This function has a crucial dependency on another, requiring precise configuration to grant it the necessary permissions for invoking the target function and to correctly obtain its ARN.

To manage such scenarios, the AWSLambda class maintains references to all functions it creates. This approach ensures these functions remain accessible for future interactions.

With this context in mind, let's proceed to set up the connection handler.

functions/chat/connect/config.py

from infra.services import Services


class ConnectConfig:
    def __init__(self, services: Services) -> None:

        send_connection_id_function = services.aws_lambda.functions["SendConnectionId"]

        connect_function = services.aws_lambda.create_function(
            name="Connect",
            path="./functions/chat",
            description="Handle the websocket connection",
            directory="connect",
            environment={
                "TARGET_FUNCTION_ARN": send_connection_id_function.function_arn,
            },
        )

        services.websockets.create_route("$connect", connect_function)

        send_connection_id_function.grant_invoke(connect_function)

To ensure the SendConnectionId function is available in the configuration for the Connect function, it's crucial to define the target function before creating the trigger function.

The order in which functions are generated and become operational is directly tied to their definition sequence within the LambdaStack. Hence, it is imperative to ensure the sequence is correctly arranged, with the target function being established before its corresponding trigger function.

        # Chat
        SendConnectionIdConfig(self.services, context)
        ConnectConfig(self.services)

Sending Messages

Once a connection is established, we can be sending messages in real time to each channel. So let's create the function that will send the messages.

forge function send_message --description "Send messages to sender and recipient" --websocket --belongs-to "chat" --no-tests

Below is the updated layout of our folder structure.

functions
└── chat
    ├── connect
    │   ├── __init__.py
    │   ├── config.py
    │   └── main.py
    ├── send_connection_id
    │   ├── __init__.py
    │   ├── config.py
    │   └── main.py
    └── send_message
        ├── __init__.py
        ├── config.py
        └── main.py

Like the previous functions, this one will be very simple. It will accept a connection ID for posting messages, using the channel ID as the sender ID. Additionally, it will forward the same messages to both channels, ensuring that clients can maintain a message history across both channels.

functions/chat/send_message/main.py

import json
import os
import boto3


def lambda_handler(event, context):

    # Retrieve the URL for posting messages to connected clients from the environment variables
    POST_TO_CONNECTION_URL = os.environ.get("POST_TO_CONNECTION_URL")

    # Create a client for the API Gateway Management API, specifying the endpoint URL
    apigtw_management = boto3.client(
        "apigatewaymanagementapi",
        endpoint_url=POST_TO_CONNECTION_URL,
    )

    # Retrieve the connection ID of the sender from the request context
    sender_id = event["requestContext"]["connectionId"]

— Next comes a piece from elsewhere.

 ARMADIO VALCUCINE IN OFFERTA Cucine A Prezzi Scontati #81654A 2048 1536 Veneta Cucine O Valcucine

    # Parse the incoming message and the recipient ID from the Lambda event body
    message = json.loads(event["body"])["message"]
    recipient_id = json.loads(event["body"])["recipient_id"]

    # Iterate over both the sender and recipient connection IDs
    for connection_id in [sender_id, recipient_id]:
        apigtw_management.post_to_connection(
            ConnectionId=connection_id,
            Data=json.dumps({"message": message, "sender_id": sender_id, "recipient_id": recipient_id}),
        )

    return {"statusCode": 200}

Similar to the SendConnectionId function, it's necessary to pass the context from the LambdaStack to the SendMessageConfig class. This step enables our function to discern the appropriate stage for message dispatch.

        # Chat
        SendMessageConfig(self.services, context)
        SendConnectionIdConfig(self.services, context)
        ConnectConfig(self.services)

Having the context available, we can now configure the send message function.

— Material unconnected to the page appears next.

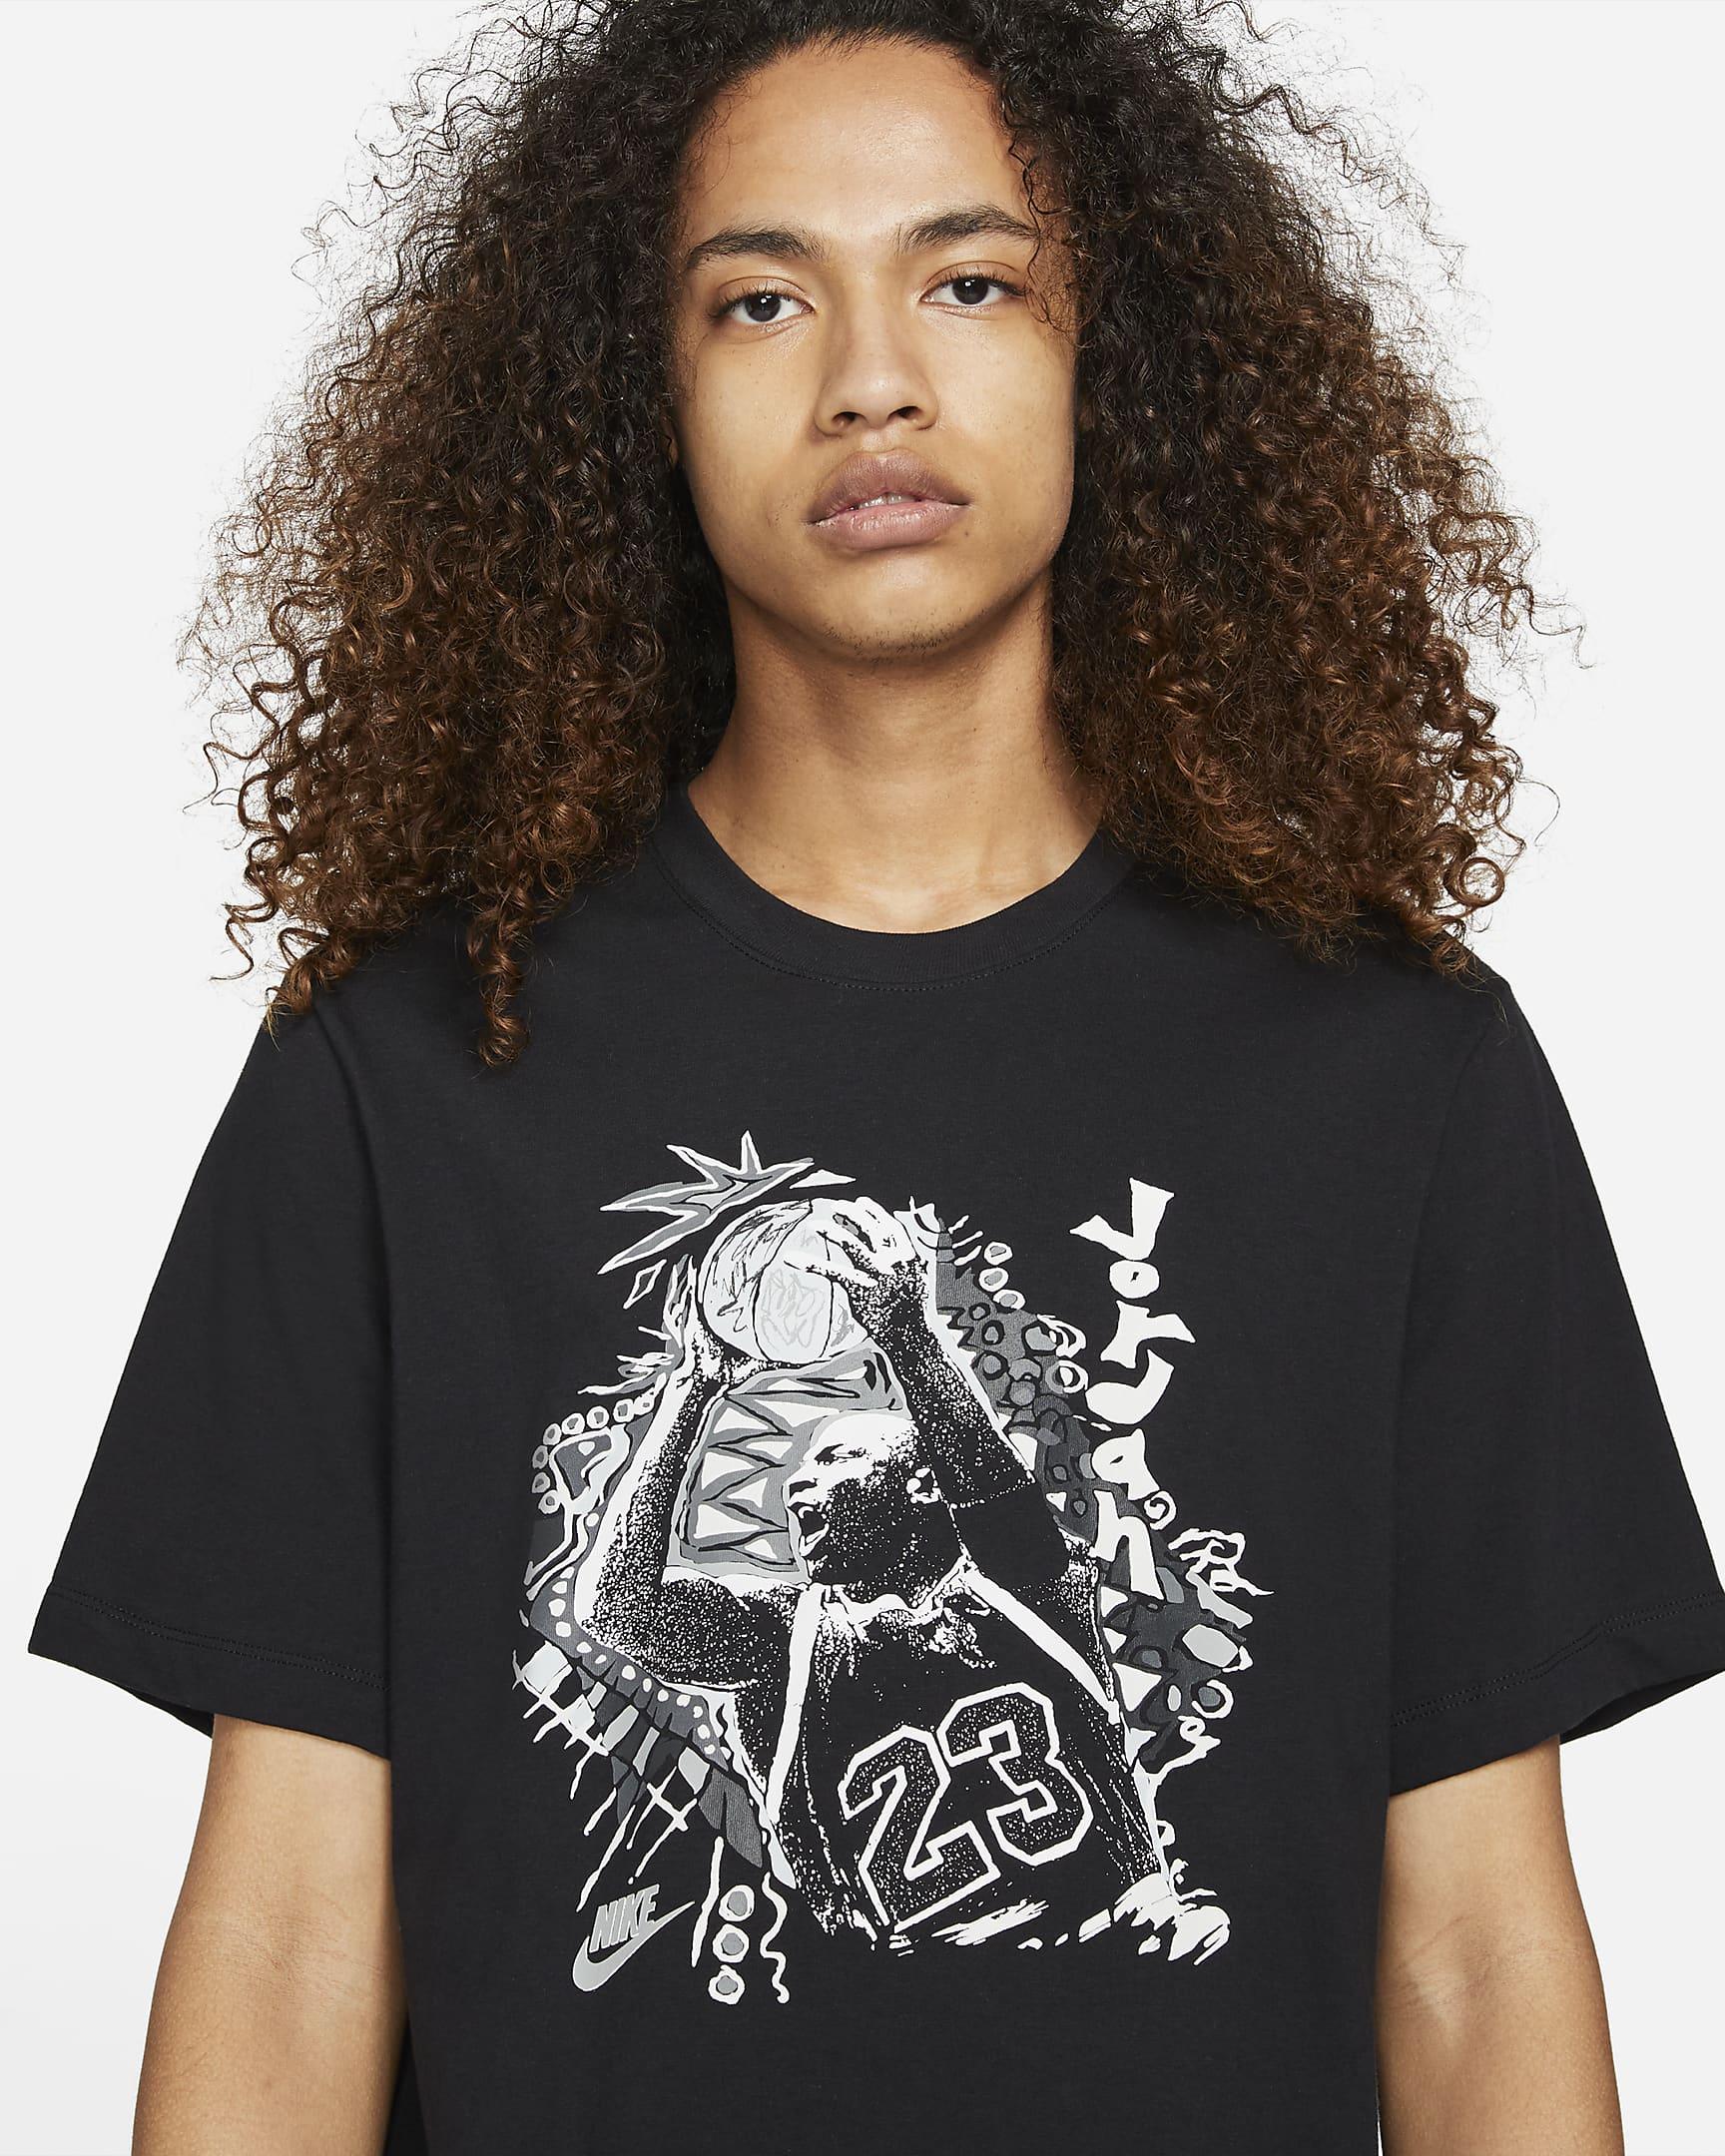 jordan-vintage-mens-graphic-t-shirt-N42Lh8-3.png

functions/chat/send_message/config.py

from infra.services import Services
from aws_cdk import aws_iam as iam


class SendMessageConfig:
    def __init__(self, services: Services, context) -> None:

        function = services.aws_lambda.create_function(
            name="SendMessage",
            path="./functions/chat",
            description="Send messages to sender and recipient",
            directory="send_message",
            environment={
                "POST_TO_CONNECTION_URL": context.resources["post_to_connection_url"],
            },
        )

        services.websockets.create_route("sendMessage", function)

        function.add_to_role_policy(
            iam.PolicyStatement(
                actions=["execute-api:ManageConnections"],
                resources=[f"arn:aws:execute-api:*:*:*"],
            )
        )

Deploying the Functions

Next, we'll commit our code and push it to GitHub, following these steps:

# Send your changes to stage
git add .

# Commit with a descriptive message
git commit -m "Serverless Real-Time Chat Application"

# Push changes to the 'dev' branch
git push origin dev

# Merge 'dev' into 'staging' and push
git checkout staging
git merge dev
git push origin staging

# Finally, merge 'staging' into 'main' and push
git checkout main
git merge staging
git push origin main

This sequence guarantees that our code progresses through the development, staging, and ultimately, the production environments, triggering our three separate deployment pipelines in the process.

Upon completion of these pipelines, the Real Time Chat will be operational across the development, staging, and production stages.

Testing the Functions

To thoroughly test our real-time application, we'll connect to a WebSocket client. While there are numerous clients available for testing WebSockets, we'll utilize PieSocket's WebSocket tester, available at PieSocket WebSocket Tester.

The URL we will use to test our application corresponds to the development stage, as detailed below:

wss://2clnav84i7.execute-api.us-east-2.amazonaws.com/dev/

Step 1: Establish a WebSocket Connection

Navigate to the PieSocket tester and enter the URL of your WebSocket connection. This URL is typically generated after deploying your WebSocket service.

Upon successfully connecting, the WebSocket service will respond with the connection ID.

Step 2: Create a Second Connection

Open a new tab or window and repeat the connection steps to establish a second WebSocket client.

You'll notice each connection has a unique ID. These IDs are crucial for directing messages to the correct recipient.

Step 3: Test Messaging Between Connections

Choose one tab as the sender and use the other's connection ID as the recipient. You can send a message by inputting a JSON payload like the one below, substituting $CONNECTION_ID with the actual connection ID of the recipient:

{
  "action": "sendMessage",
  "message": "Hello",
  "recipient_id": "$CONNECTION_ID"
}

If everything is configured correctly, you should observe the message appearing in real-time on both channels!

🎉 Congratulations! You've now successfully developed a Serverless Real-Time Chat application using WebSockets and Lambda Forge. 💬 🌐